By constraining scapular motion, the angle and ROM of humerothoracic extension of backward-swinging arm were decreased. The upper limbs play an important role in maintaining and adjusting balance by opposing the motion of the lower limbs (Mann 1981). The shoulder of the backward-swinging arm is contralateral to the hip joint of stance leg, and these are the most proximal joints in each limb. These may lead to a decrease in the extension angle of only the hip joint of the stance leg at the instant of take-off (Fig. 4). A previous cross-sectional study reported that hip extension velocity during the stance phase relates to the sprint speed in the 100-m race (Ito et al. 2008), suggesting that the large motion of hip extension during the stance phase is the key to enhancing sprint speed. Our results supported the finding of this previous study.

Fig. 4
figure 4

Relationship between the extension angle backward-swinging arm and the contralateral hip extension angle of the stance leg during the first step. Solid lines show these angles in free condition and dotted line shows those in constraint condition

Whilst the hip extension angle of the stance leg at the instant of take-off in the free condition was larger than that in the constraint condition, no significant difference in knee and ankle angles of the stance leg was seen between the two conditions. This may be the cause of the lower foot forward leaning angle of the stance leg in the constraint condition than that in the free condition, and finally the lower forward leaning angle of the COM during the first step. Higher horizontal accelerations were generated by more forward leaning of the body at toe-off (Kugler and Janshen 2010). The forward leaning angle of the COM at the instant of take-off has a positive correlation with horizontal displacement of the COM during the stance phase (Hunter et al. 2004), suggesting that the forward leaning angle of the COM at take-off is important for enhancing sprint speed. Our results supported these findings of previous studies, and this limited leg motion of the stance leg in the constraint condition may cause loss of whole-body balance during kicking ground, thereby reduced sprint speed. Therefore, the 3D scapular behavior in first accelerated running may play a role in increasing humerothoracic extension of the backward arm and hip extension of the stance leg, thereby contributing to coordinated whole-body balance for great sprint acceleration. In addition, step length to first step was longer in the free condition than that in the constraint condition. This suggests that scapular behavior affects the beginning of motion in sprint running immediately before the first step, thereby affecting the ability of the sprinter to enhance sprint speed. Thus, our hypothesis was accepted.

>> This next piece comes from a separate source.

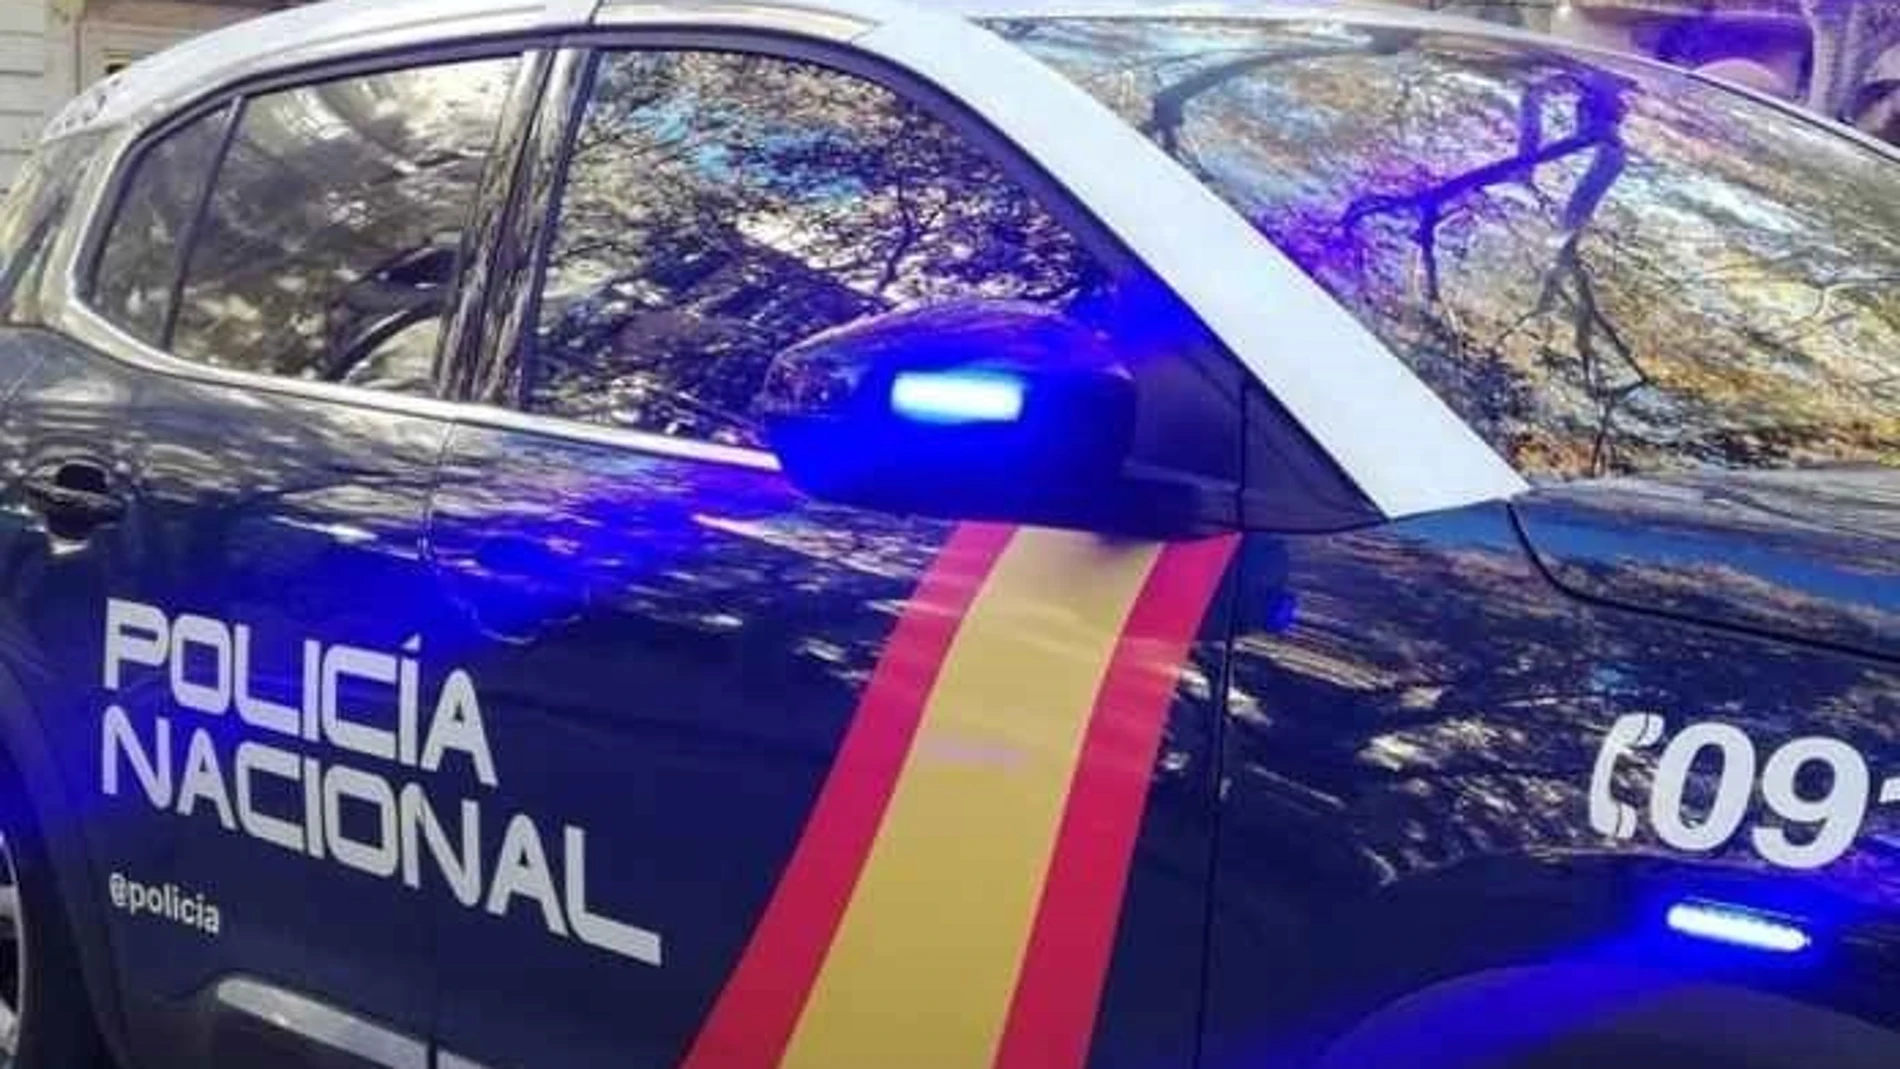 Agentes de la Policía Nacional detuvieron al supuesto agresor el pasado miércoles

There is a limitation in this study. Our study included a small number of participants, which might underpower our analysis of some variables. The findings in this study were based on ten participants; therefore, the statistical powers of some variables were low. Further study is needed with a larger sample size. Despite this limitation, our findings indicate an association between scapula behavior and fast sprinting in the first zone of accelerated running.

Conclusions

When the arm-swing motion was restricted by constraining scapular motion, it clearly limited the humerothoracic extension of the backward-swinging arm. As a result, this scapular constraint affected the stance-leg motion and whole-body position during the first step, thereby reducing the sprint speed. Our results demonstrated that 3D scapular motion is related to the sprint speed in accelerated running. Our findings may be applied to the followings: for athletes with low scapular flexibility, improving it by performing scapular flexibility exercises is important as it may be related to improvement in the generated sprint speed. Also, for female athletes, the effects of compressing both scapulae by a sports bra would affect to sprinting performance in first accelerated running. In fact, a sport bra affect to running kinematics and the performance relative to without that (White et al. 2009). Further researches are required to clarify these questions in detail in the future.